Healthcare News from Capitol Hill and the Department of Health and Human Services


In an October 15 letter, the American Medical Association (AMA) and more than 100 other medical societies and physicians’ organizations urged Congress to consider a permanent replacement for the Medicare physician payment system. Under the Sustainable Growth Rate (SGR) formula used for Medicare Fee Schedule payments, doctors’ reimbursements for services are scheduled to be cut by 27% as of January 1, 2013.

The Centers for Medicare & Medicaid Services (CMS) is required to follow the SGR formula, which was adopted in the Balanced Budget Act of 1997. Since then, the year-end temporary “doc fix” has been an annual controversy. Many healthcare organizations, including the AMA and the American Hospital Association, have been urging Congress for years to find permanent solution to the problem. The Congressional Budget Office estimated in August that a permanent repeal of the SGR will cost the federal government $245 billion, and even another one-year fix will cost $18.5 billion.

The AMA’s letter, addressed to Senators Max Baucus (D-MT) and Orrin Hatch (R-UT), the leaders of the Senate Finance Committee, laid out a list of “principles and core elements that can form the basis for new federal policy on a transition from the SGR to a higher performing Medicare program.” Among them were allowing physician practices a choice of payment models; encouraging incremental changes with positive incentives and rewards, rather than penalties; basing quality measures on matters within a doctor’s control, rather than patients’ actions; and investing in a new infrastructure for Medicare to help doctors transition to new methods of health care delivery and payment.

Given the uncertainties of the current presidential campaign and the federal tax cuts and other laws that are set to expire on December 31 or take effect on January 1, it appears unlikely that Congress will address the proposed permanent fix before the end of this year. Representatives of both parties, however, have informally stated that implementing another one-year fix should not be a problem.

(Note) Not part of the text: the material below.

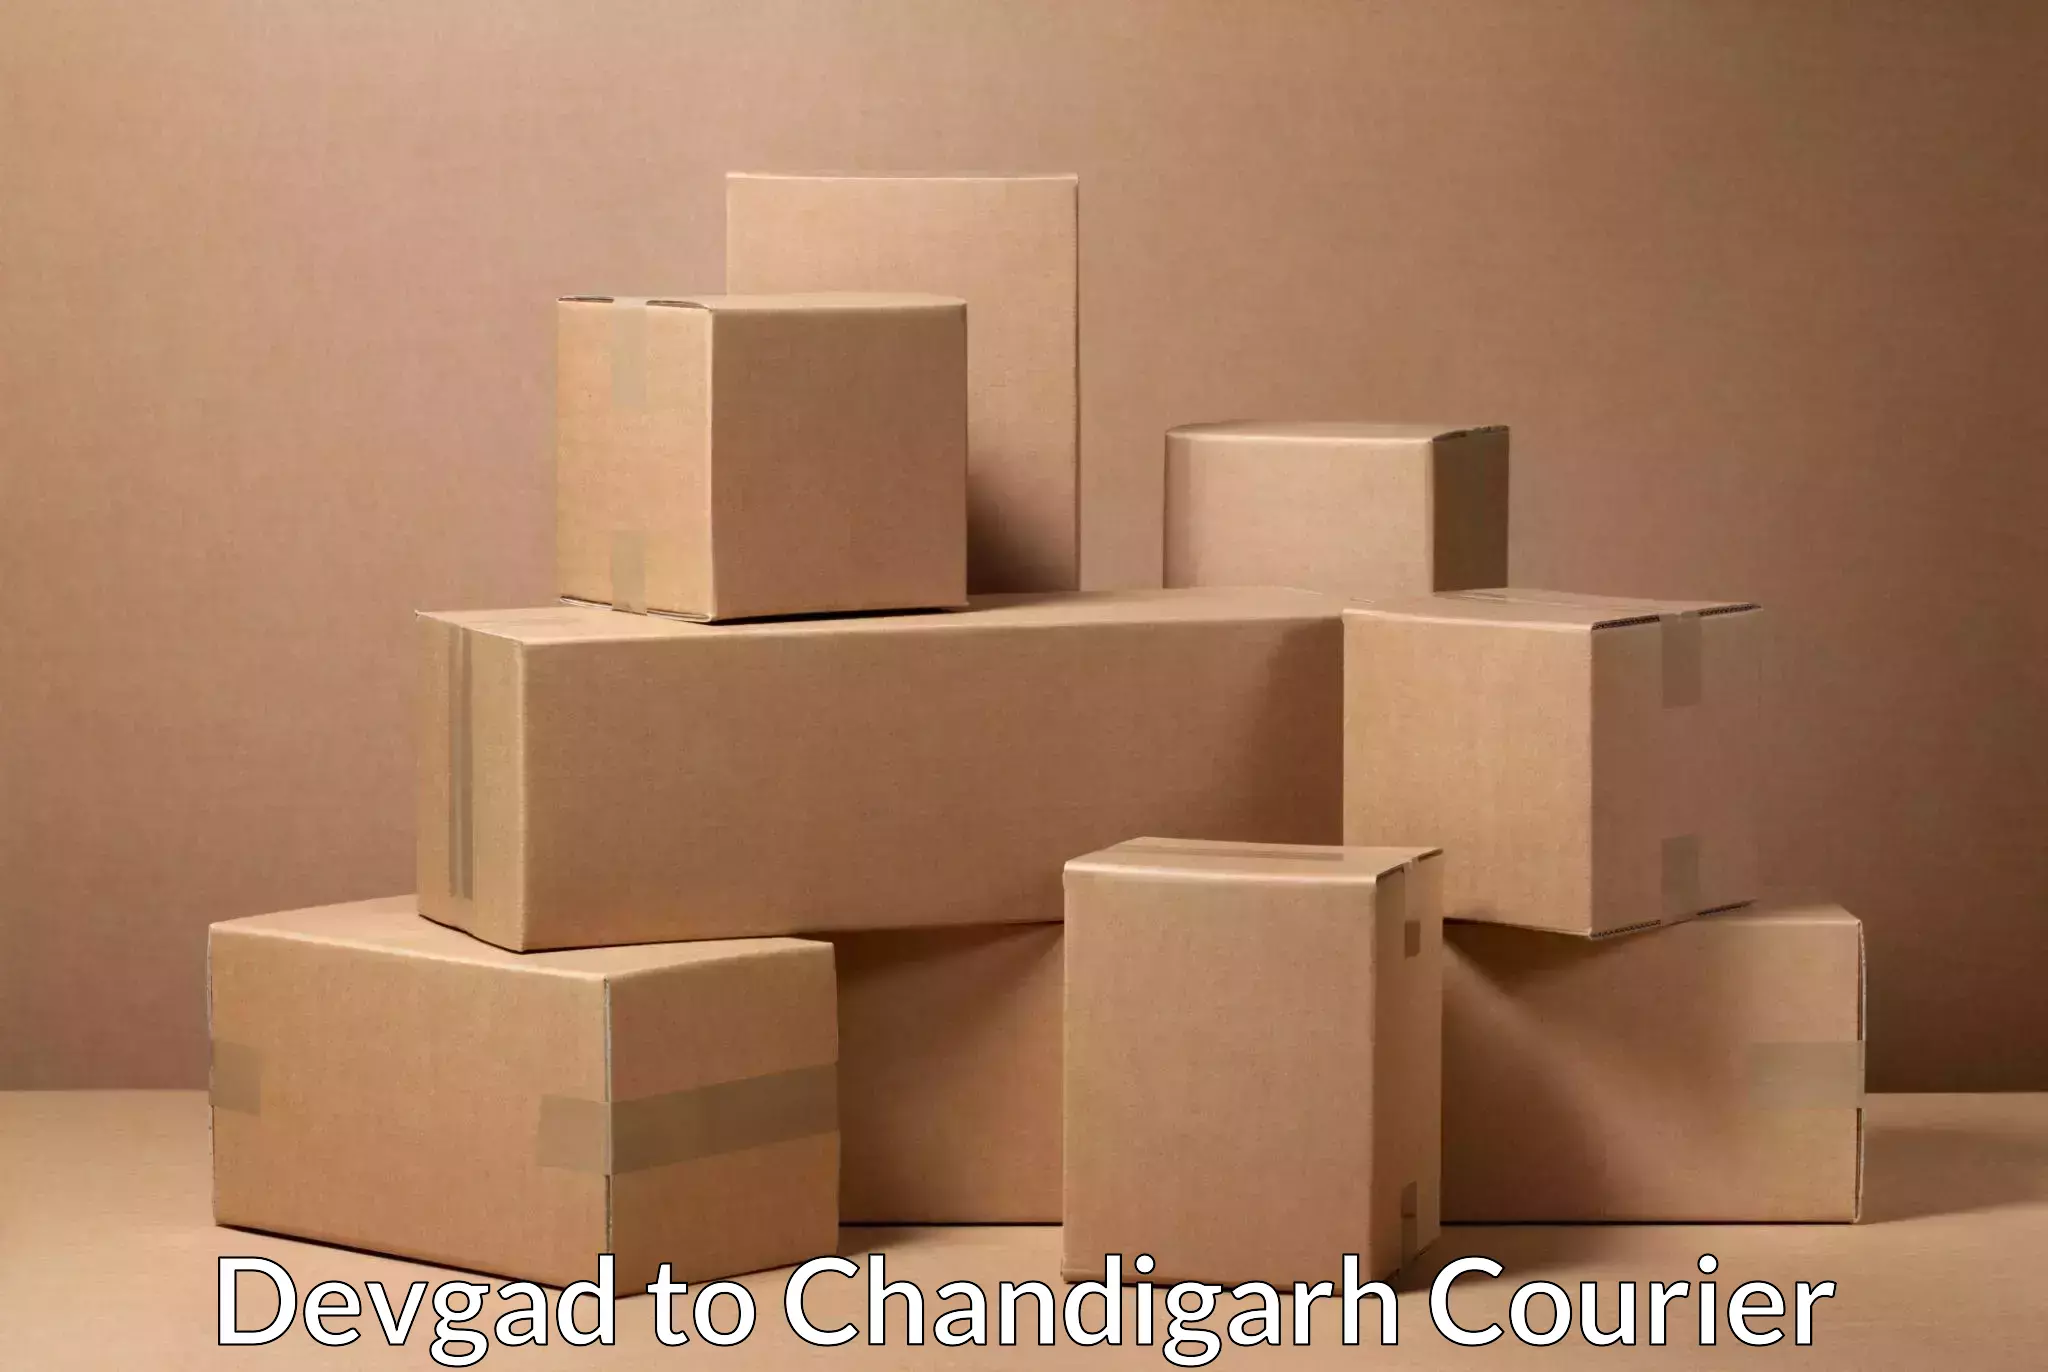 Urban courier service Devgad to Chandigarh

In a keynote address at the HIPAA Summit West in San Francisco on October 11, Leon Rodriguez, Director of the Department of Health and Human Services’ Office for Civil Rights, said that he expects enforcement of HIPAA’s privacy and security rules to continue to increase in 2013. OCR also plans to continue and expand a pilot audit project that has been examining 150 HIPAA covered entities in order to improve compliance.

New civil money penalty amounts have applied to HIPAA privacy and security rule violations since February 2009, and covered entities and business associates have been subject to new data breach notification obligations since September 2009. OCR began imposing monetary sanctions for violations in February 2010, and many industry observers noted a surge of enforcement actions, monetary penalties and settlements under HIPAA and the HITECH Act in 2012. Most enforcement cases handled by OCR to date have involved theft of data or storage devices, or unauthorized access or disclosure of data. Very few cases have involved computer hacking.

Rodriguez said that OCR has been focusing recently on high-profile cases and announcing the details of the particular privacy and security violations involved, in order to help other covered entities and their business associates better recognize the risks in handling protected health information. Minor cases tend to be settled more quickly and with less publicity. In data breach cases, OCR’s decision whether to pursue a monetary enforcement action will depend, in part, on whether the covered entity acted quickly and effectively to remedy and report the breach, he said.

OCR’s audit program thus far has uncovered a number of common issues affecting many covered entities, including the absence of “business associate agreements” between HIPAA covered entities and their business associates, insufficient policies and procedures limiting access to patient records, failures to perform required risk assessments, and insufficient breach notification plans. Although OCR has said that it will not initiate enforcement actions based on the pilot program’s audit results, these common failings will undoubtedly influence the potential penalties for any covered entity or business associate that incurs a data breach.

Rodriguez was unable to provide an update on the status of the forthcoming “HIPAA Omnibus Rule” that had been expected to be released by the end of the summer. OCR sent the Rule to the White House Office of Management and Budget for final review in March of this year, but no public statements have been made since OMB announced in June that it was extending the review period. Industry observers expect that the Rule, when finally released, will combine guidance regarding the HIPAA privacy, security and breach notification rules.